The structure of patterns

Starting a new chapter, of sorts. I have been researching the structure and patterns of plants. Based on the studies of biologist Lindenmayer the patterns of organic forms are easy to identify, the more the organism grown the more complex the patterns become. Lindenmayer’s systems, or L-systems for short, are also quite popular for the generation of artificial life.

untitled morpheme no1

Round acrylic painting made with the principles of the L-system nature patterns.


​Wood, Acrylic paint.

The recurring pattern of Lindenmayer’s system becomes repetitive, or copying of previous patterns creating fractal shapes and are thereby identify as the L-system.

L-system grammars are very similar to the semi-Thue grammar (see Chomsky hierarchy).
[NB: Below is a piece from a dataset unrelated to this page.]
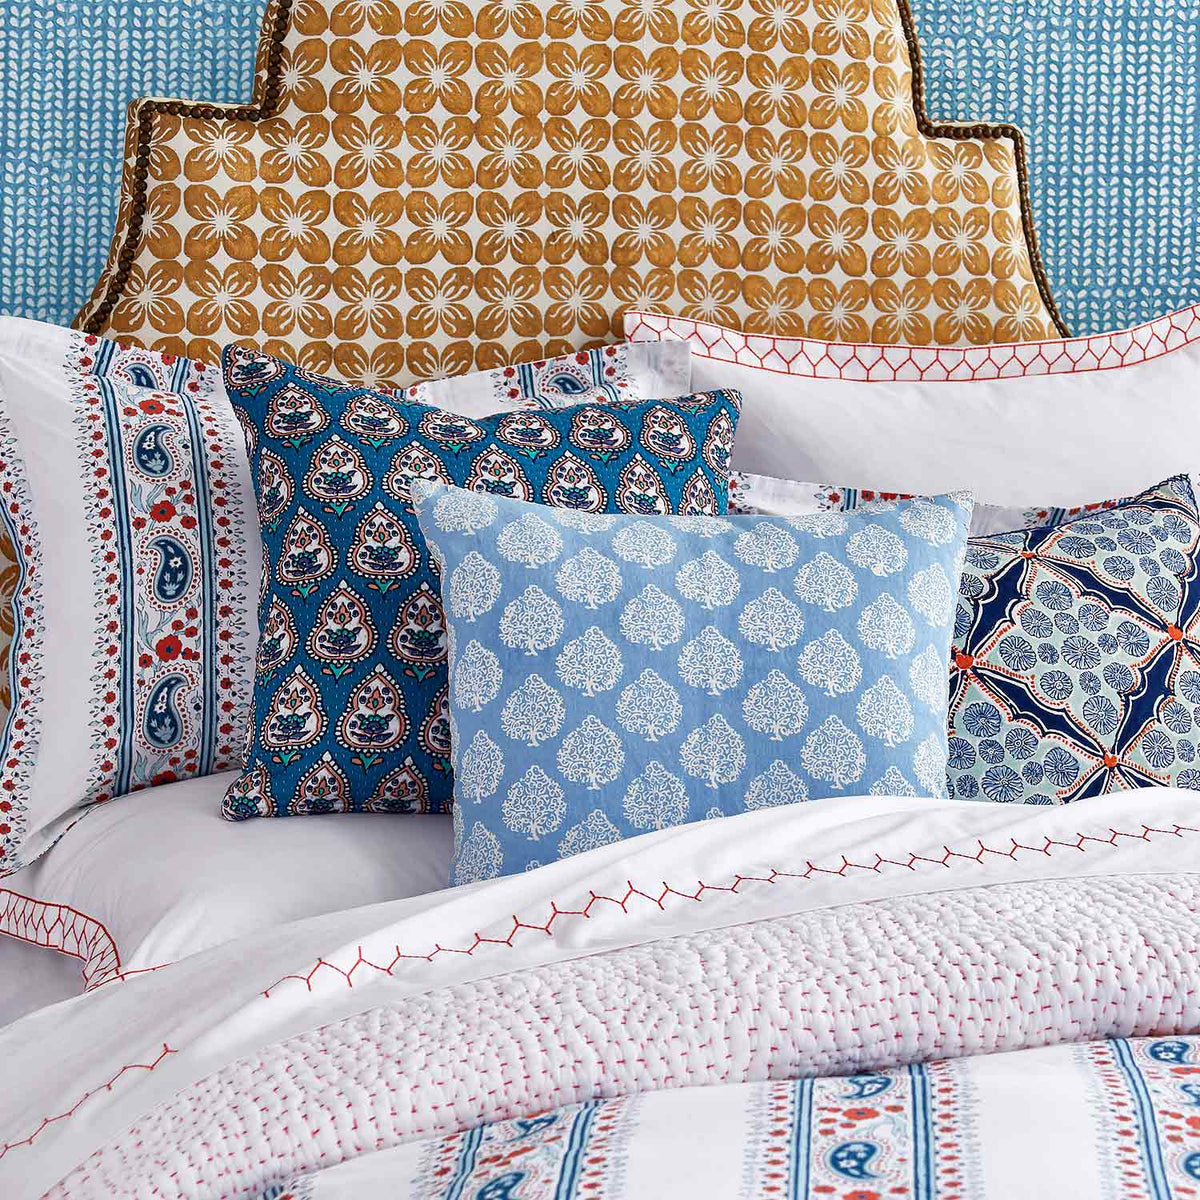 John Robshaw Organic Hand Stitched Quilts and Shams Lifestyle Lotus Fine Linens

L-systems are now commonly known as parametric L systems, defined as a tuple

G = (V, ω, P),


  • V (the alphabet) is a set of symbols containing both elements that can be replaced (variables) and those which cannot be replaced ("constants" or "terminals")

  • ω (start, axiom or initiator) is a string of symbols from V defining the initial state of the system

  • P is a set of production rules or productions defining the way variables can be replaced with combinations of constants and other variables. A production consists of two strings, the predecessor and the successor. For any symbol A which is a member of the set V which does not appear on the left hand side of a production in P, the identity production A → A is assumed; these symbols are called constants or terminals. (See Law of identity).